Most AI tools wait for you to ask them something. Claude Tag watches your channels, learns your team's context, picks up where the last person left off, and works on tasks for hours without anyone in the room. Anthropic already uses it to write 65% of their product code.
Introduction
Every AI assistant launched in the last three years follows roughly the same model: you open an interface, type a request, read the response, and close the window. The interaction is one-on-one, synchronous, and scoped to whatever you asked in that single session. Tomorrow, you start over.
Claude Tag is built on a completely different premise. On June 23, 2026, Anthropic introduced Claude Tag — starting on Slack — where Claude joins a team channel as a permanent member, builds ongoing context from the conversations it follows, can be tagged by anyone on the team, works through tasks asynchronously while the team focuses on other things, and proactively flags information it thinks the team needs to know without being asked.
The simplest description: it behaves less like a tool and more like a colleague.
Anthropic's own teams have been using an internal version long enough to have production data on it. The number they chose to lead with is not a benchmark score or a capability claim — it is an operational reality: 65% of Anthropic's product team's code is now created by their internal version of Claude Tag.
Quick Summary
| Detail | Information |
|---|---|
| Product name | Claude Tag |
| Launched | June 23, 2026 |
| Platform | Slack (beta) |
| Available to | Claude Enterprise and Team customers |
| Underlying model | Claude Opus 4.8 |
| Replaces | Existing Claude in Slack app |
| Migration window | 30 days to opt in |
| Key stat | 65% of Anthropic product team's code created by Claude Tag |
| Goal | Expand beyond Slack to other team collaboration platforms |
What Claude Tag Actually Is
The clearest way to understand Claude Tag is to understand what it is not.

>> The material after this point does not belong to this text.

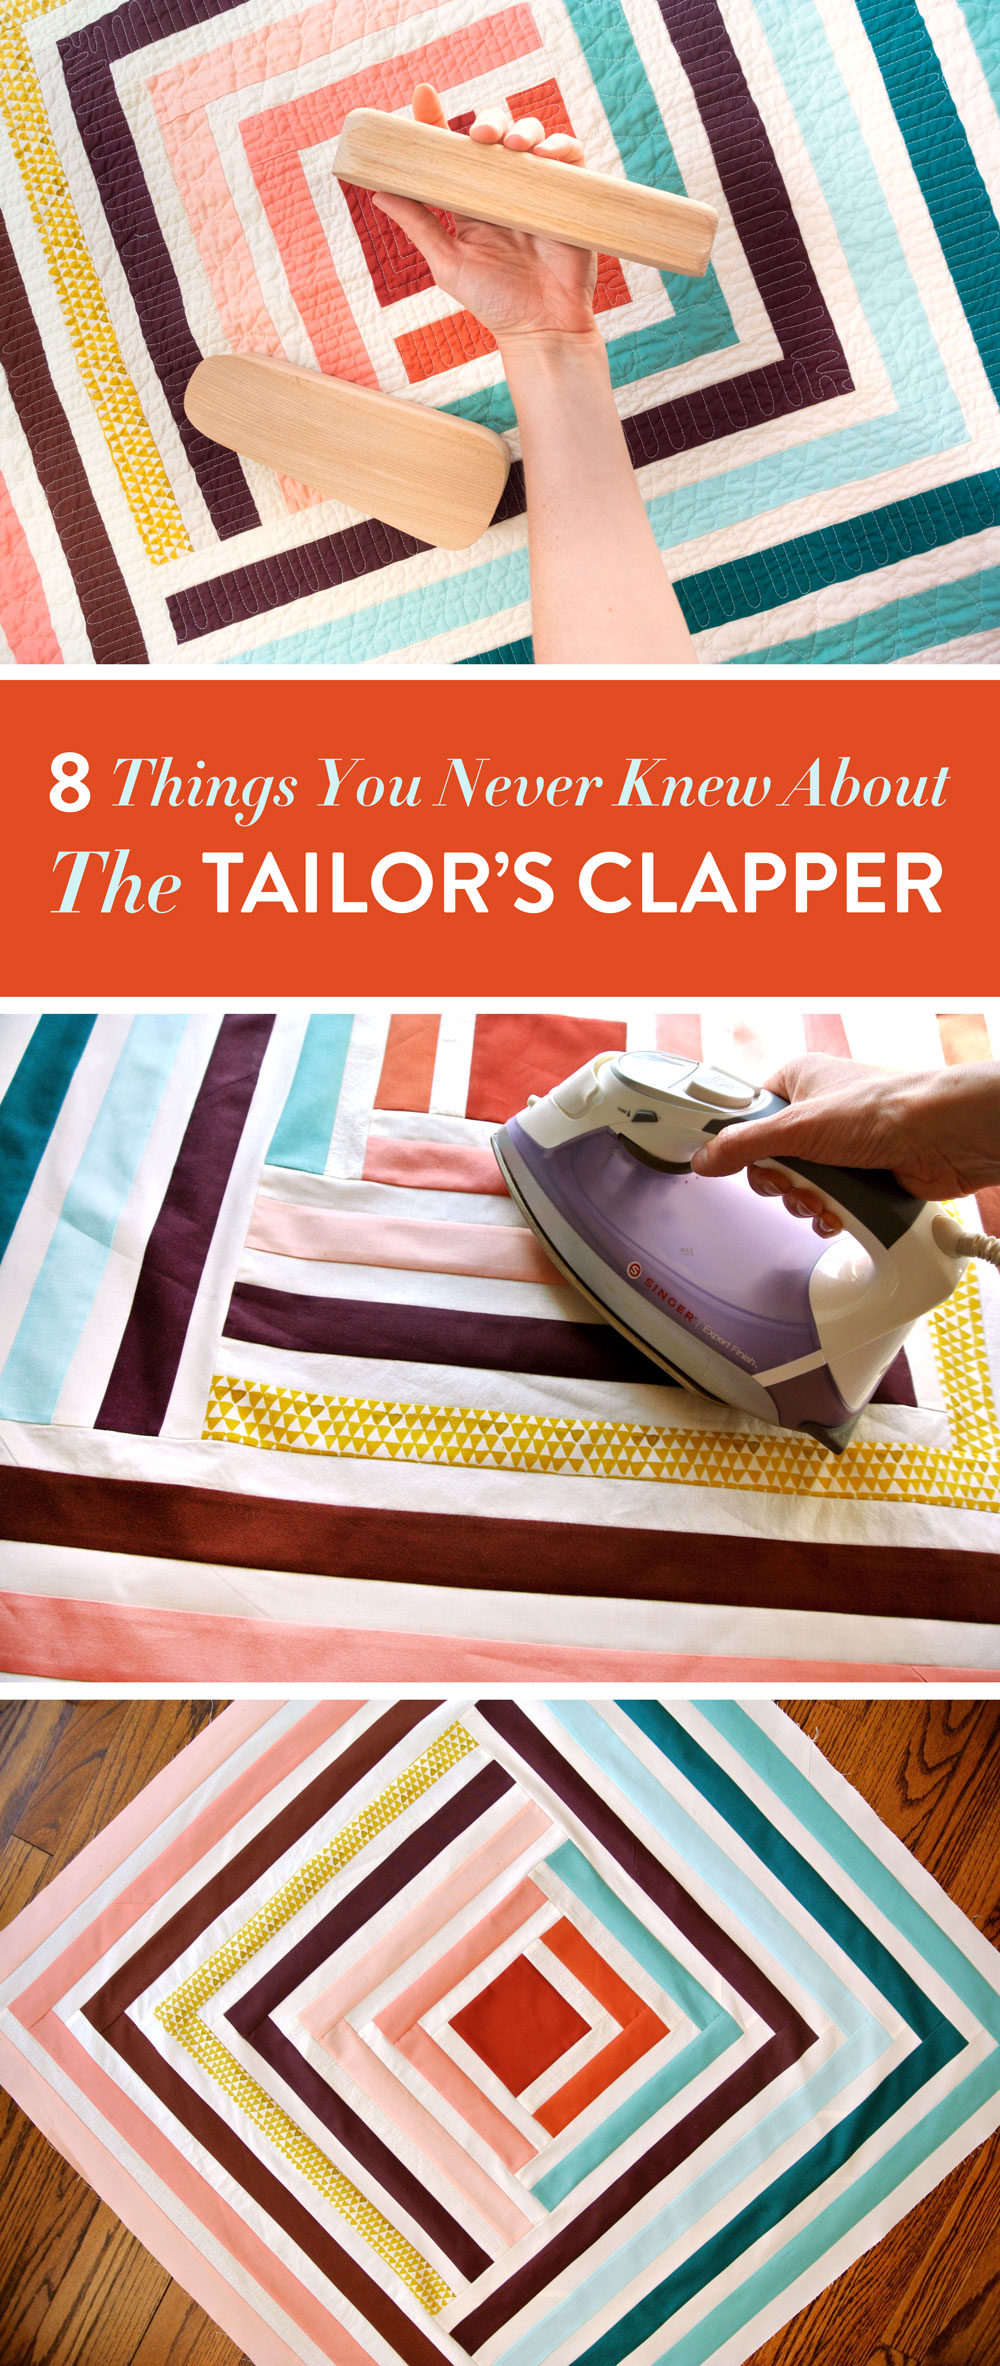 Although the tailor's clapper originates in garment sewing, quilters have adopted this tool with excitement. Here are 8 reasons you need a tailor's clapper in your quilting toolbox! | Suzy Quilts https://suzyquilts.com/tailors-clapper
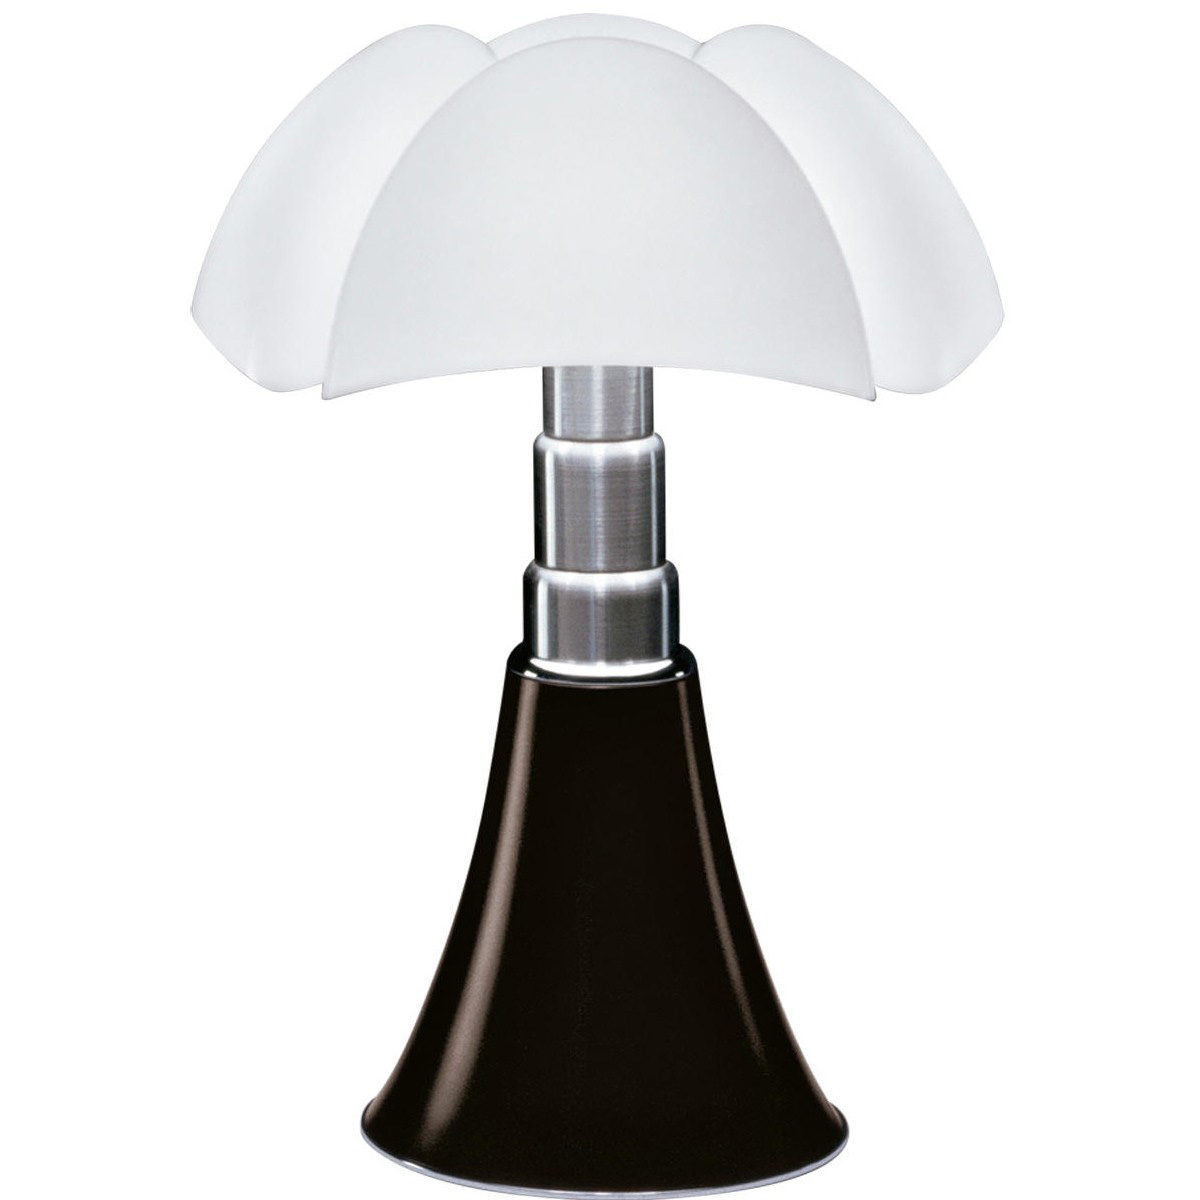 Mammoet Op risico helaas Pipistrello LED Table Lamp by Martinelli Luce | 620/L/1/US/MA | MRN828724

A standard AI chatbot lives in its own interface. Every conversation starts fresh. Only one person interacts with it at a time. It has no memory of what your team discussed last week. It cannot take a task and work on it while you attend a meeting. When you close the window, it stops.
Claude Tag inverts all of those assumptions.
Grant Claude access to a Slack channel and it becomes a persistent team member in that channel. It reads the conversations flowing through. It builds an understanding of the work, the context, the terminology, the ongoing projects, and the people involved. Anyone on the team can tag @Claude with a task at any time. When they do, Claude breaks the task into stages and works through them using whatever tools and data sources the administrator has connected — a codebase, a database, a ticketing system, whatever the team has made available. The result comes back as a response in the Slack thread.
The work does not stop when the person who requested it goes offline. Claude can schedule tasks for itself and pursue a project autonomously over hours or even days.
Anthropic describes Claude Tag as the beginning of an evolution of Claude Code — making the model more proactive and significantly better suited to a full team environment rather than a single developer working alone.
The Four Capabilities That Make It Different
Multiplayer by Design
Every other AI tool on the market is fundamentally single-player. One person, one session, one conversation. The output belongs to whoever asked.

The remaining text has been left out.